Greenberg has gotten a bit of a following among the regulars, who ask her questions about pharmacy and her experience studying to become a pharmacist. “My hope is that more people are becoming educated about the role of the pharmacist,” she says.

Indeed, Greenberg’s involvement in the Collaborative Health Advocacy Team (CHAT) allows her to take the role of educator, coach, and medication expert. CHAT includes students of medicine, dentistry, pharmacy, and other health care professions who offer their expertise at local clinics to help educate and meet the health care needs of underserved populations.

Greenberg’s focus is diabetes management, and through CHAT she discusses proper nutrition, exercise, and blood glucose monitoring with patients. She is even able to provide meters and supplies to those who need them.

As clinic coordinator for CHAT, Greenberg has helped the program expand to 2 more locations in the past academic year. Keeping the needs of the Chicago-area population in mind, Greenberg organized a presentation at one of the clinics called “What Is Your Diabetes IQ?” that was delivered in English, Spanish, and Polish simultaneously.

“One of the benefits of CHAT is having the opportunity to educate the general public of how useful the pharmacist is on the interdisciplinary team when managing chronic disease states,” she says.

In addition to educating patients, Greenberg has also helped instruct her colleagues on best practices. At the 2011 American Association of Diabetes Educators Annual Meeting, for example, Greenberg copresented the preliminary outcomes of the Illinois component of the Ten City Challenge with a presentation titled, “Taking Control of Your Health— Diabetes Self-Management Program.”

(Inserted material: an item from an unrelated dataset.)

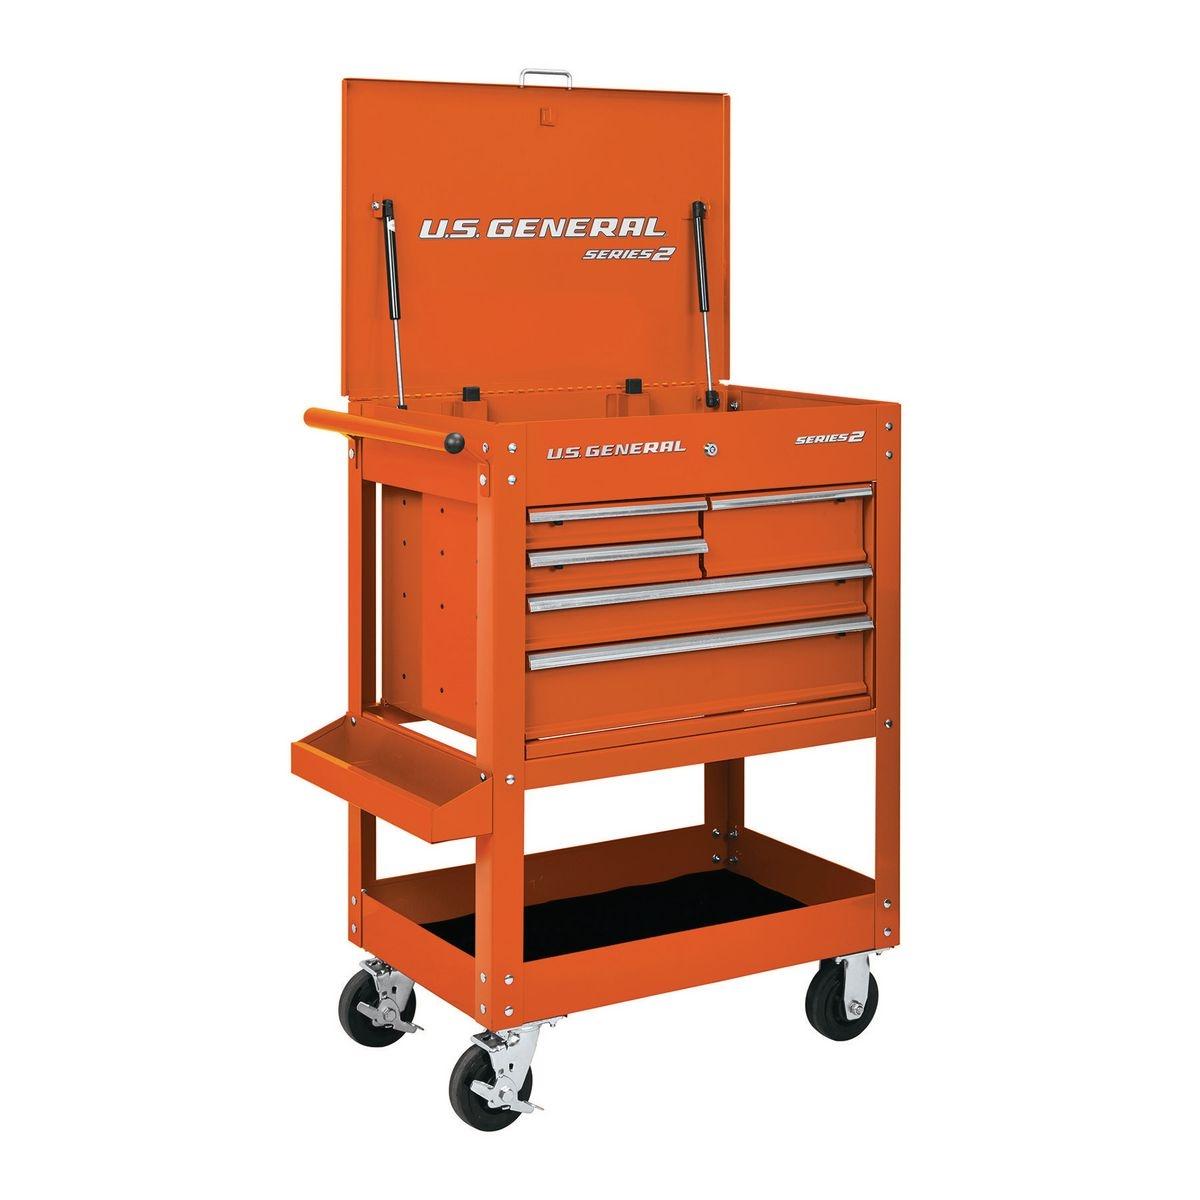 U.S. GENERAL 30 In. 5 Drawer Mechanic's Cart - Orange - Item 64722 / 56238

Greenberg’s colleagues describe her as professional, organized, and extremely passionate about pharmacy and patient care. Whatever practice setting Greenberg chooses after graduation, she is sure to put these skills to good use.

Q. Why is the CHAT program important?

A. The CHAT program is beneficial to students, but even more beneficial to patients. At one of the clinics that I attended monthly for 1 year before starting our Chicago clinic, we had a patient who came to our session each month to learn about diabetes. This patient would bring her 3 children and take the bus to attend our class. After 1 year of consistently attending our group, the patient became educated and achieved consistent glycemic control, resulting in reduction in medications. It was rewarding for me to see her progress, but it was more exciting to see how proud the patient was of her more diligent lifestyle for her entire family.

Q. Was there a moment when you knew pharmacy was right for you?

A. During my first quarter of pharmacy school, I remember sitting through a lecture in which I learned about the ways the community can utilize their pharmacists. Many people are not aware that students complete many courses not only to specialize in drugs, but also to learn about the pathophysiology of different disease states. It is important to know your pharmacist. By building this rapport, it is more likely a patient would share valuable information regarding their health so that the pharmacist can provide the best health care.

Q. What do you think is the most important issue in the field of pharmacy today?

A. I think one of the most important issues in the pharmacy profession is our lack of recognition as a health care provider. Because our education has evolved to include the doctor of pharmacy degree, pharmacists can offer cognitive services to patients and be an asset to other health care professionals as their medication expert. The pharmacist can act as a coach to help empower patients to control their lives with a chronic disease.

Q. What do you think is the most important quality for a pharmacist to possess?

A. Communication skills. Without skills to communicate to patients and other health care providers, it doesn’t matter how much information we know, it will never reach anyone.

 


About the school

Midwestern University Chicago College of Pharmacy’s PharmD program provides students with enhanced experiences in the biomedical, pharmaceutical, and clinical sciences. The Chicago College of Pharmacy offers a full-time, traditional PharmD program that is completed in 6 years.


About RESPy

Brought to you by Walmart & Pharmacy Times

The RESPy (Respect, Excellence, and Service in Pharmacy) Award is presented to the student who has made a difference in his or her community by demonstrating excellence in pharmaceutical care. For more information, please visit www.PharmacyTimes.com.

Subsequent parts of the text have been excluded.